▸ Required action: Beginning with the line that holds "Fujifilm Instax Mini", copy each line through the end of the material below, exactly and with no pictures.

▸ Records to process:
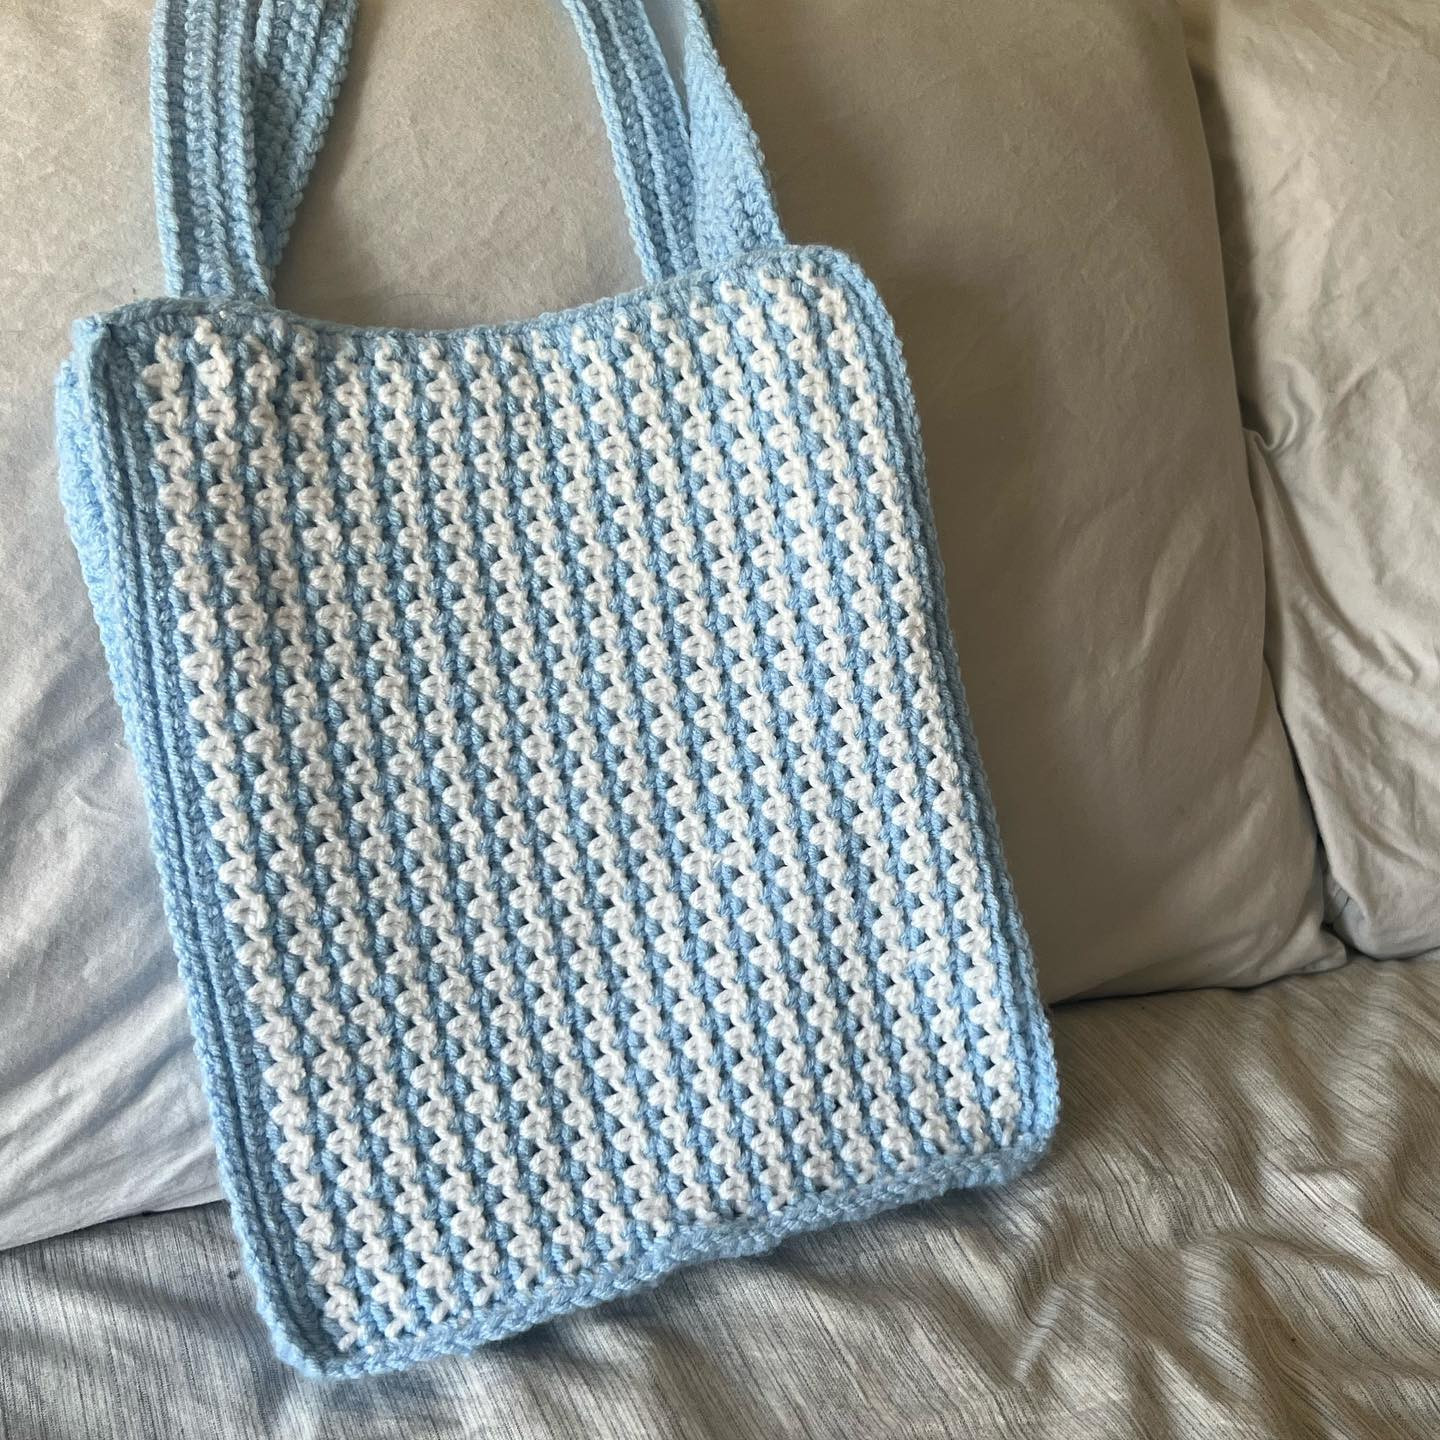 tote bag free pattern
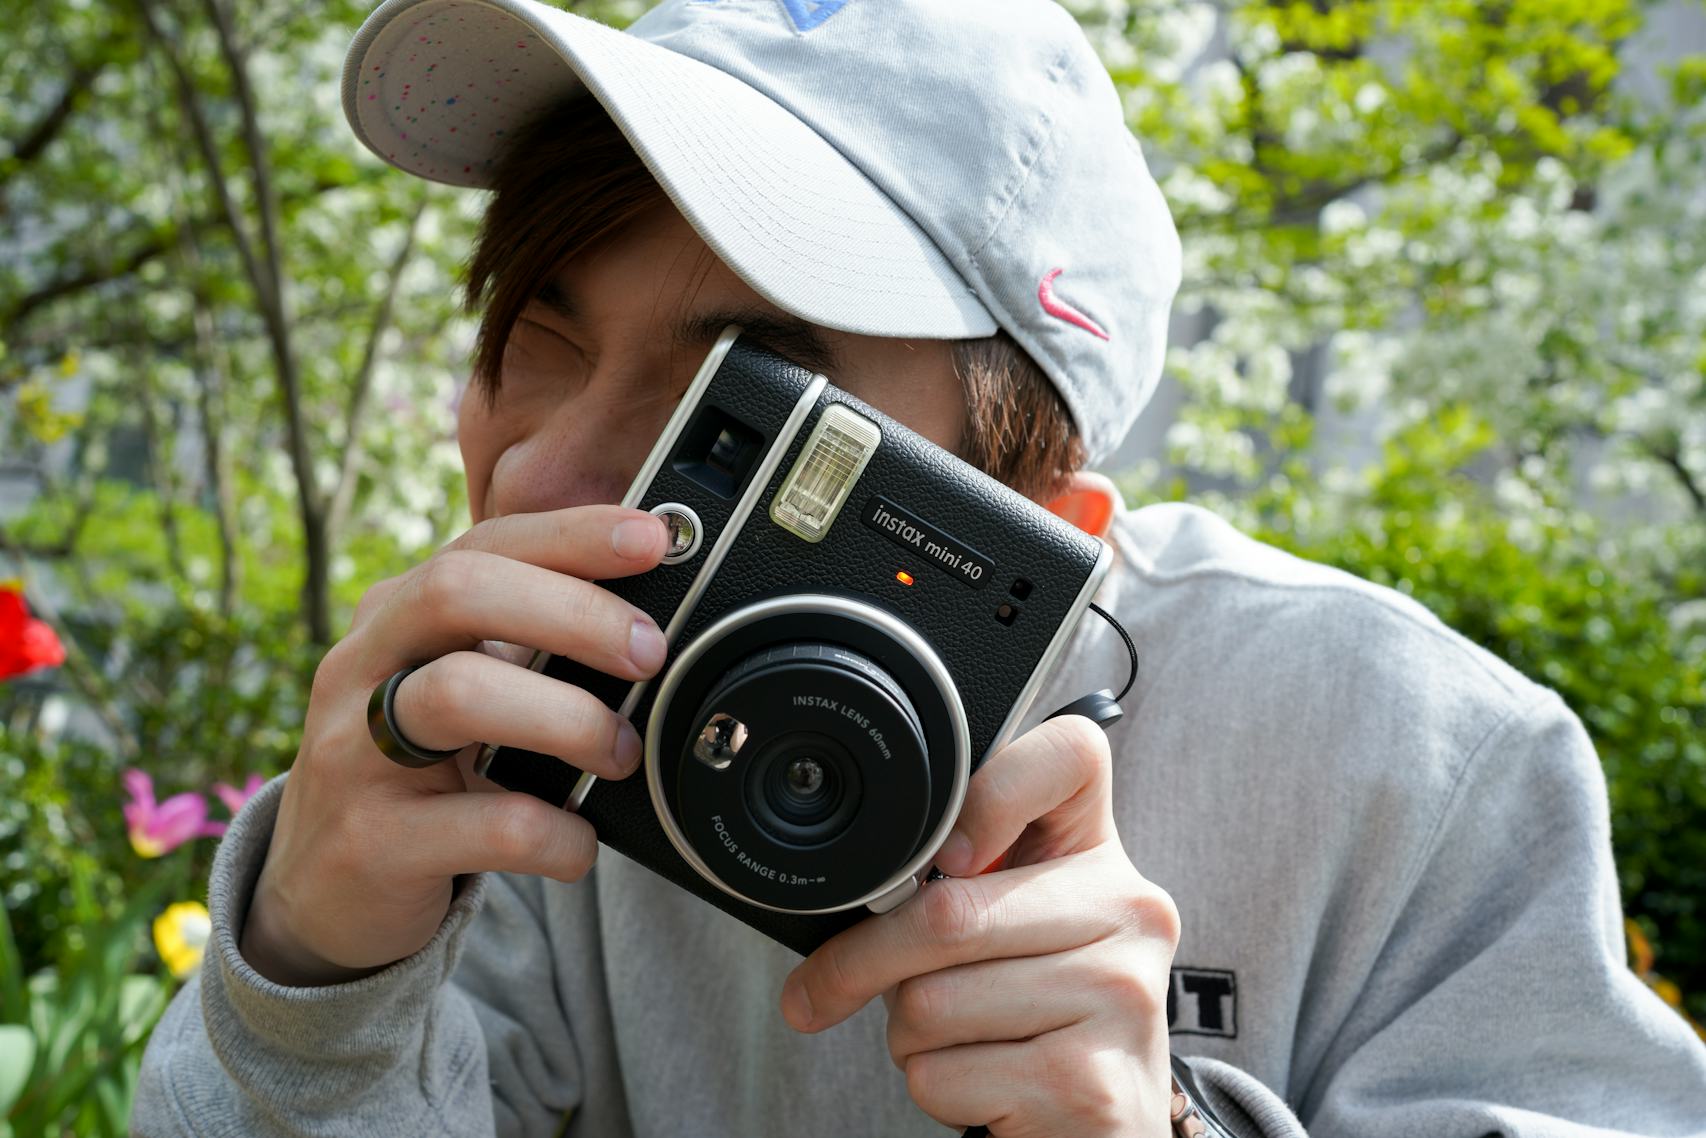 Fujifilm Instax Mini 90 Neo Classic Camera Review
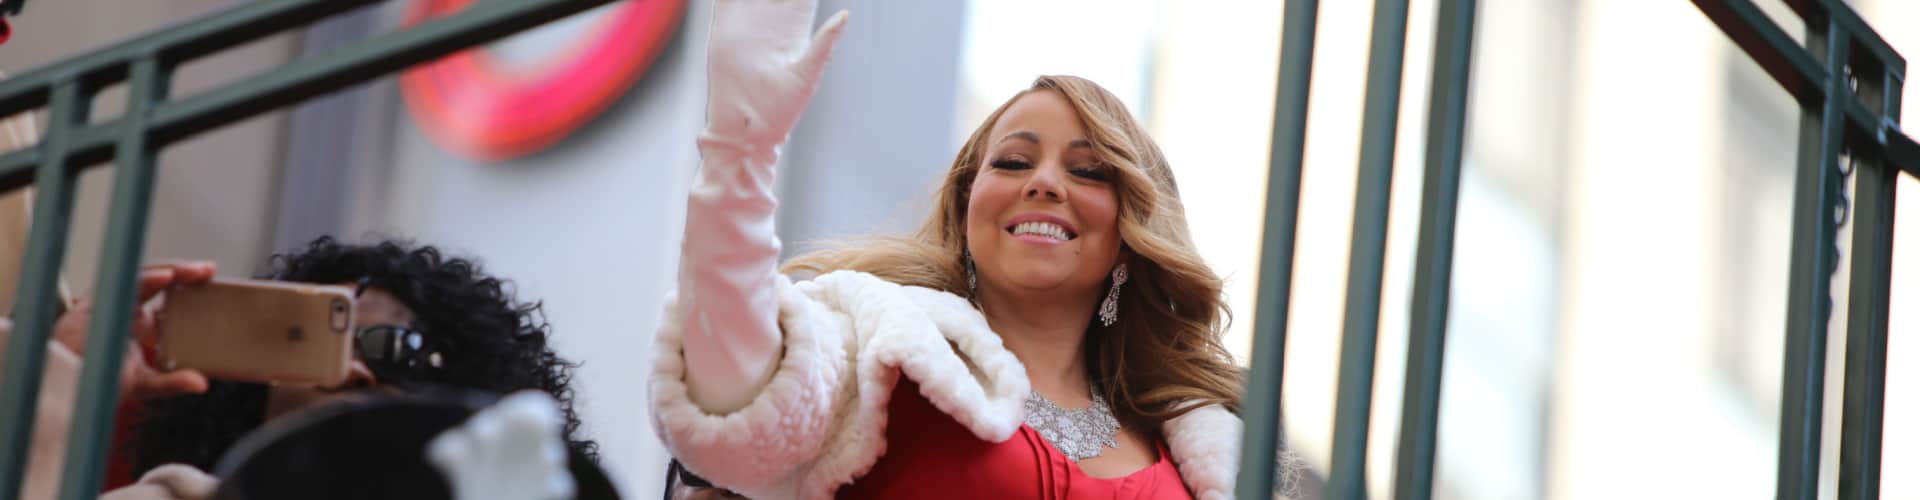 Mariah Carey waving
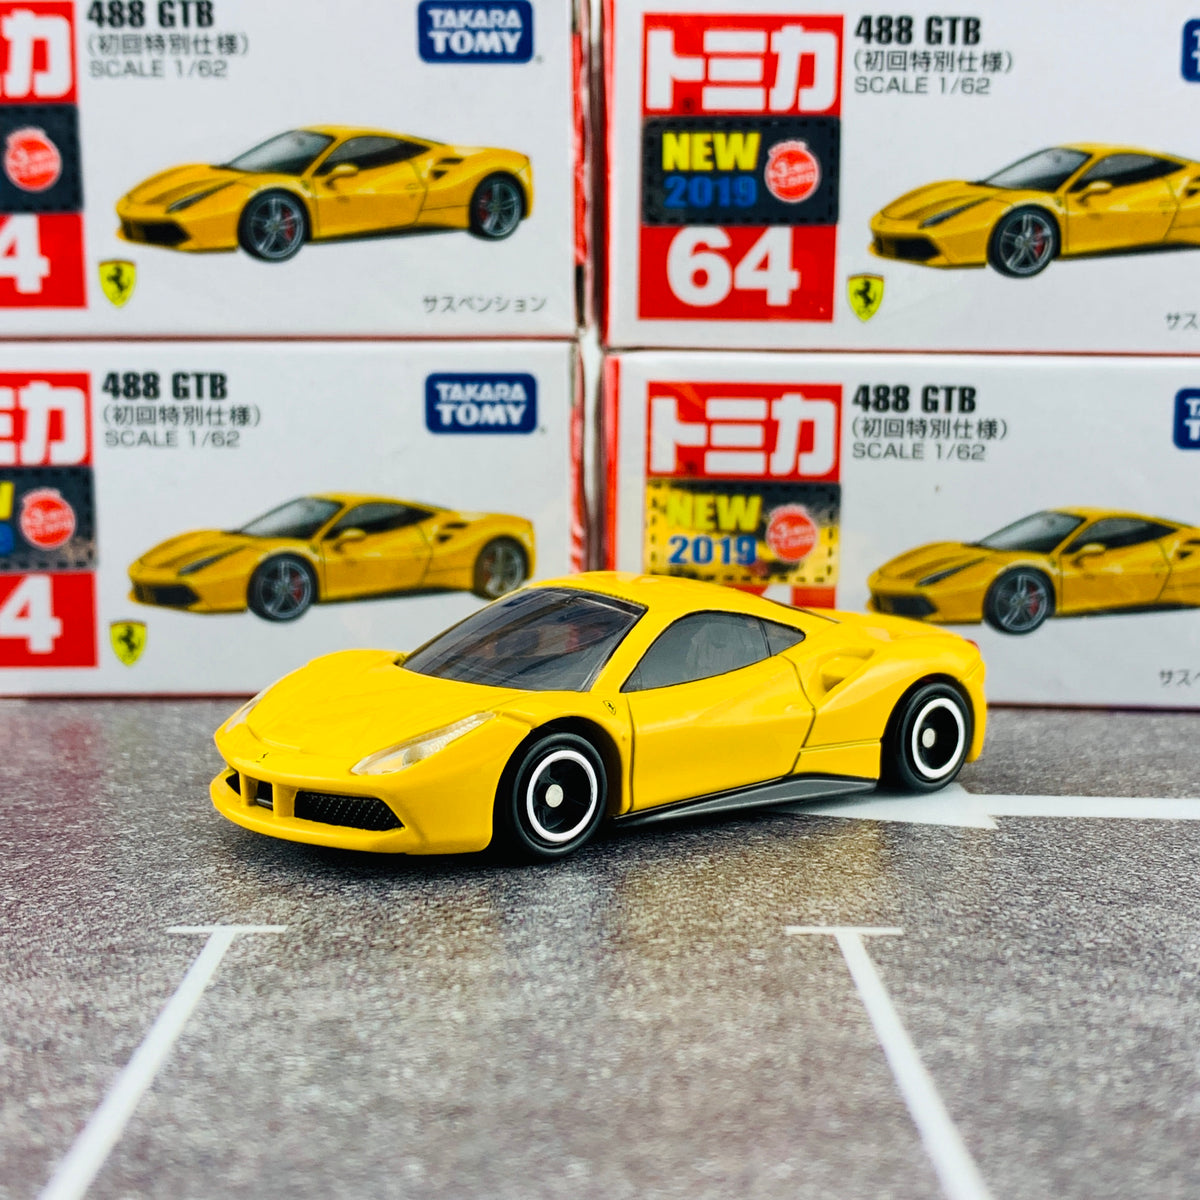 【展示特価】トミカ 64 Ferrari 488 GTB (初回特別仕様) 限定品 1233 乗用車
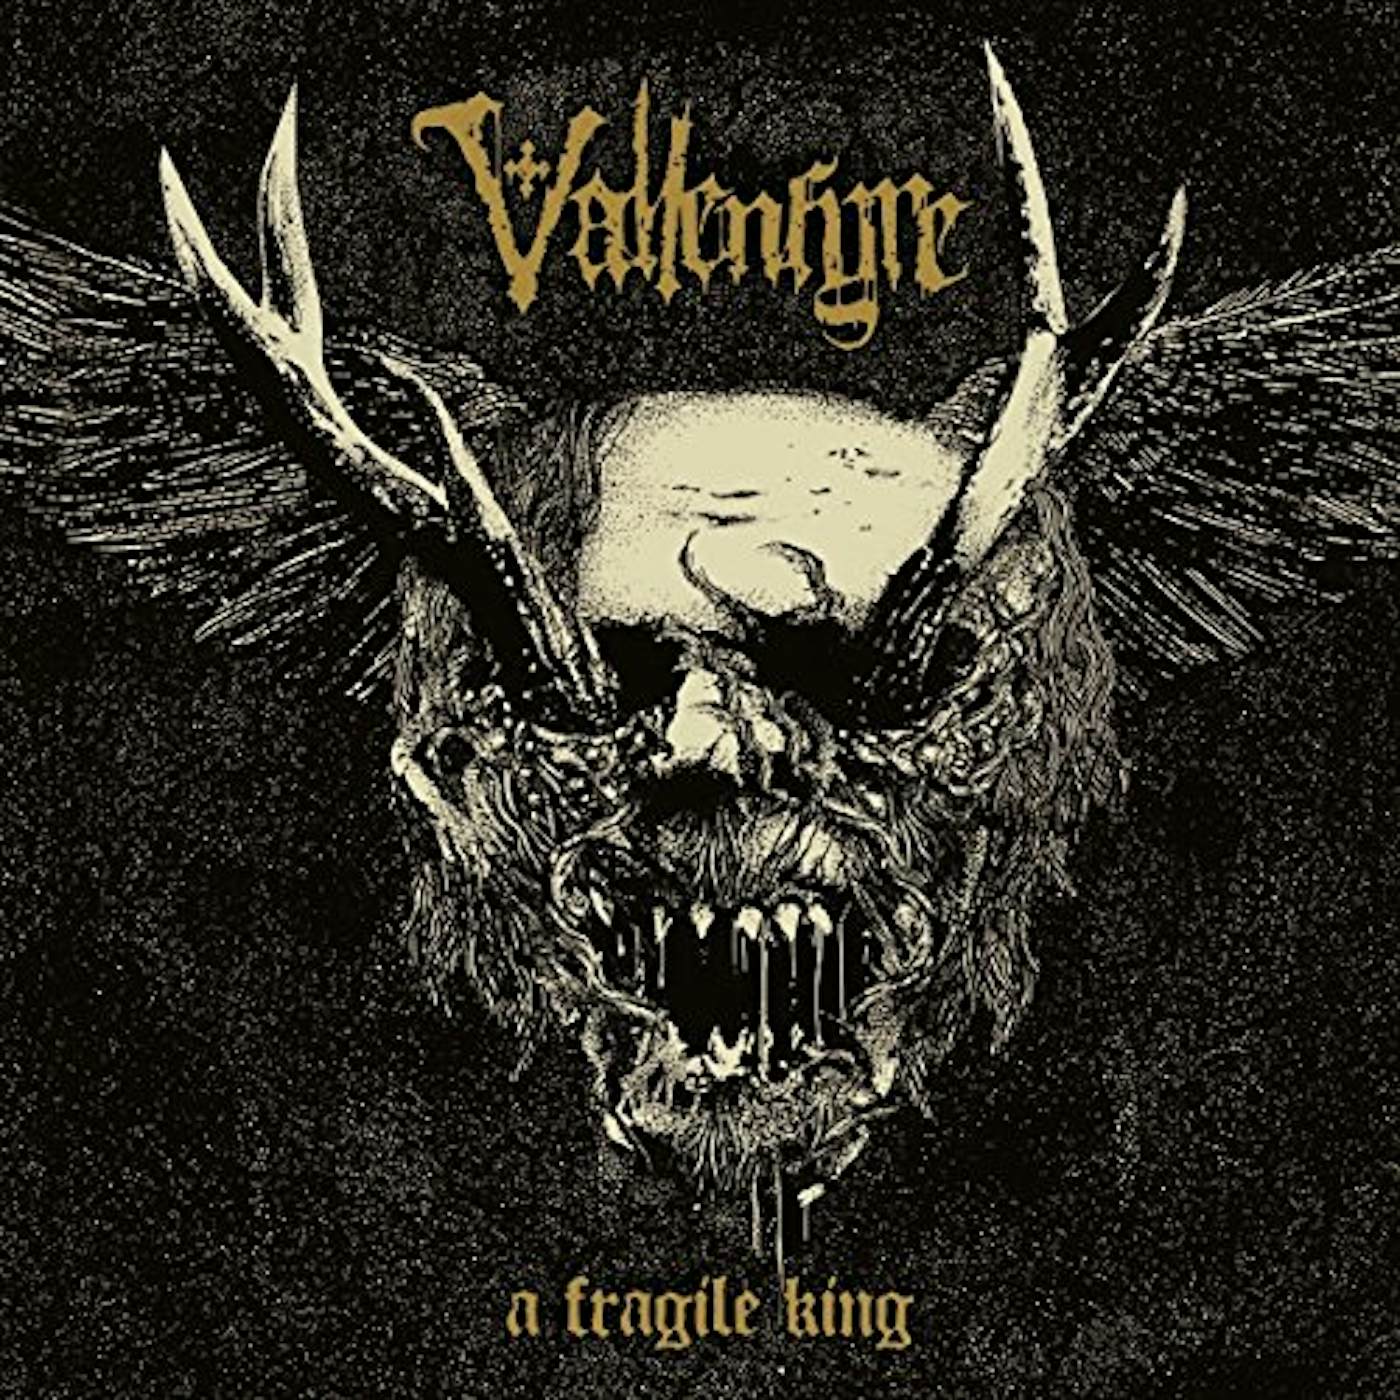 Vallenfyre FRAGILE KING CD - Holland Release

▸ Answer for the task:
 Fujifilm Instax Mini 90 Neo Classic Camera Review
 Mariah Carey waving
 【展示特価】トミカ 64 Ferrari 488 GTB (初回特別仕様) 限定品 1233 乗用車
 Vallenfyre FRAGILE KING CD - Holland Release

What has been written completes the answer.